電話はまだ途切れないようで、はい、を繰り返している。
遼太郎は図面ケースを抱えたまま、エレベーターに乗り込んだ。目を見開いたままの黒木が続く。
「――はい。分かりました。おつかれさまです」
微かに唸るようなモーター音を感じながら、電話を終えた黒木に黙ってケースを差し出す。
「あ、あの……その……」
黒木がそれを受け取りつつ何か言葉を紡ごうとしたとき、「5」が点灯し、軽く振動してエレベーターの扉が開いた。
あ、とランプを見上げ、黒木は降りるか降りまいか逡巡するように立ち止まっていたが、「開」のボタンを押したままの遼太郎に遠慮したのか、しぶしぶといった体で扉をくぐった。

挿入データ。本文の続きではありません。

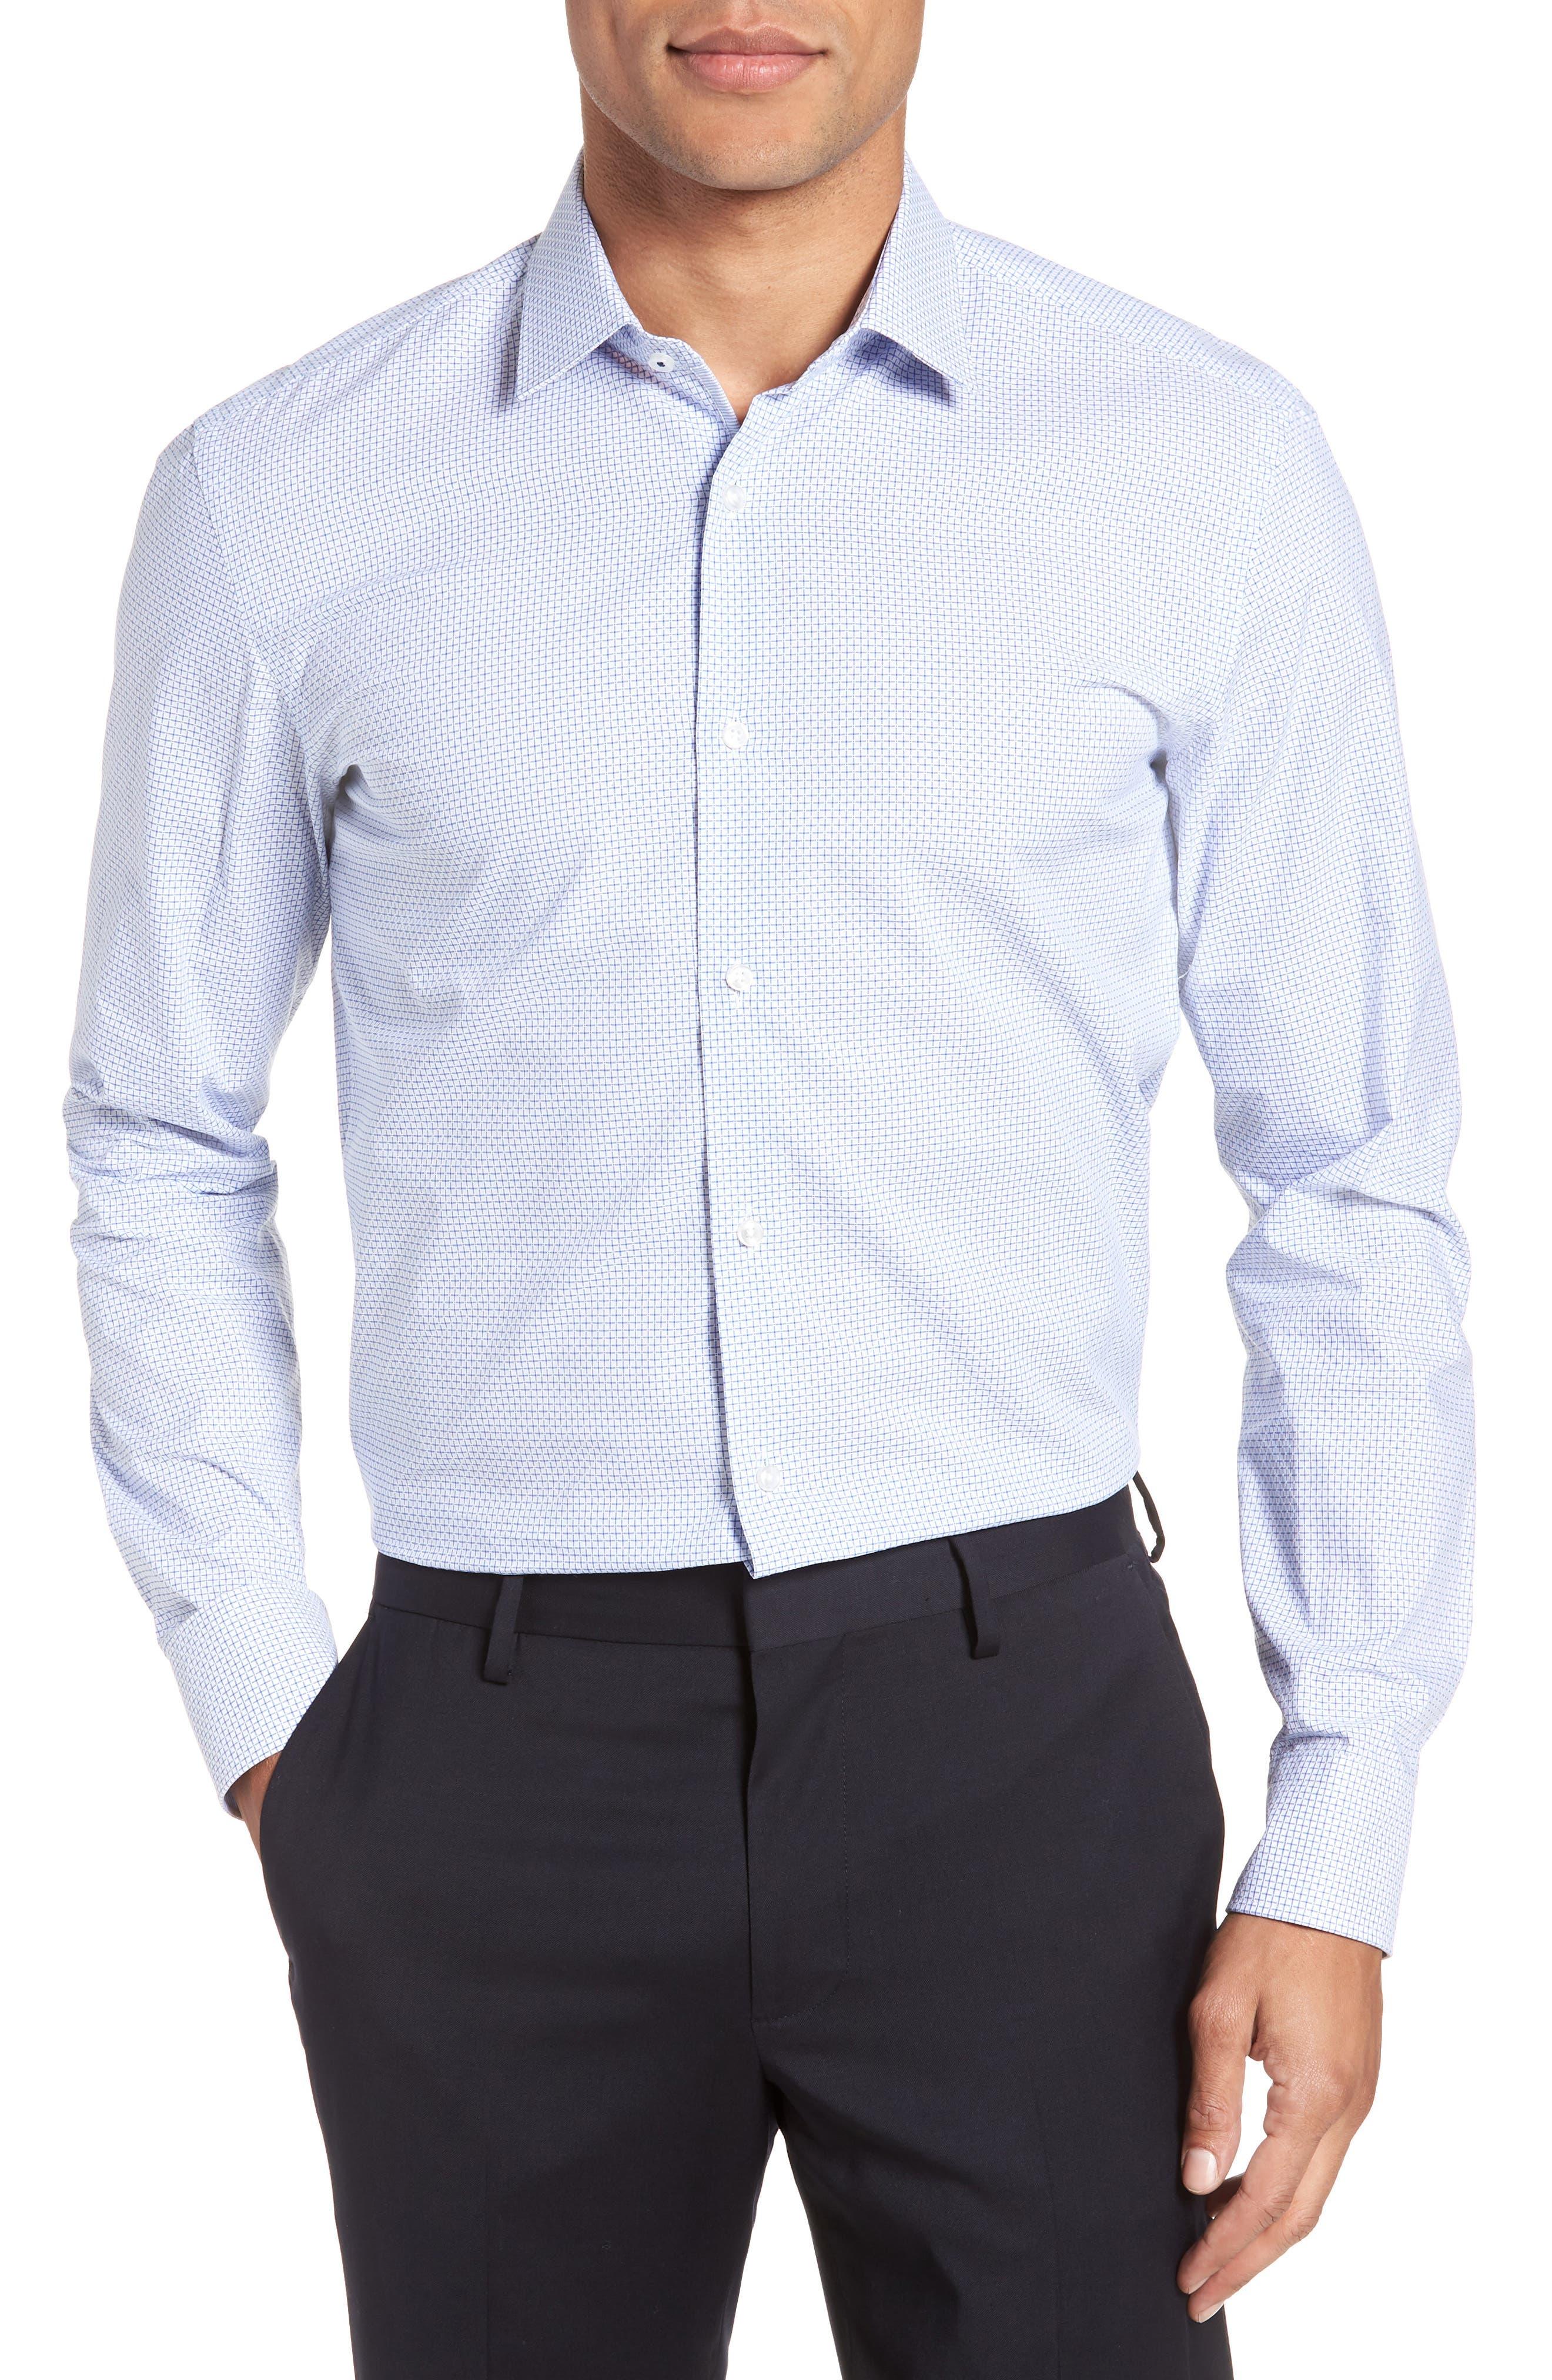 Jesse Slim Fit Check Dress Shirt,                             Main thumbnail 1, color,                             431

扉が閉まっていく。下を向いていた黒木がそこで初めて顔を上げ、ばちっと視線が合った。
「あ、ありがとうございました!」
何故か頬を紅くして、黒木が深く頭を下げた。その姿がドアの向こうに消えていく。
――なんだこれ。
遼太郎はふつふつと沸いてくる高揚感を抑えることができなかった。そして同時に、そんな自分に戸惑いを感じていた。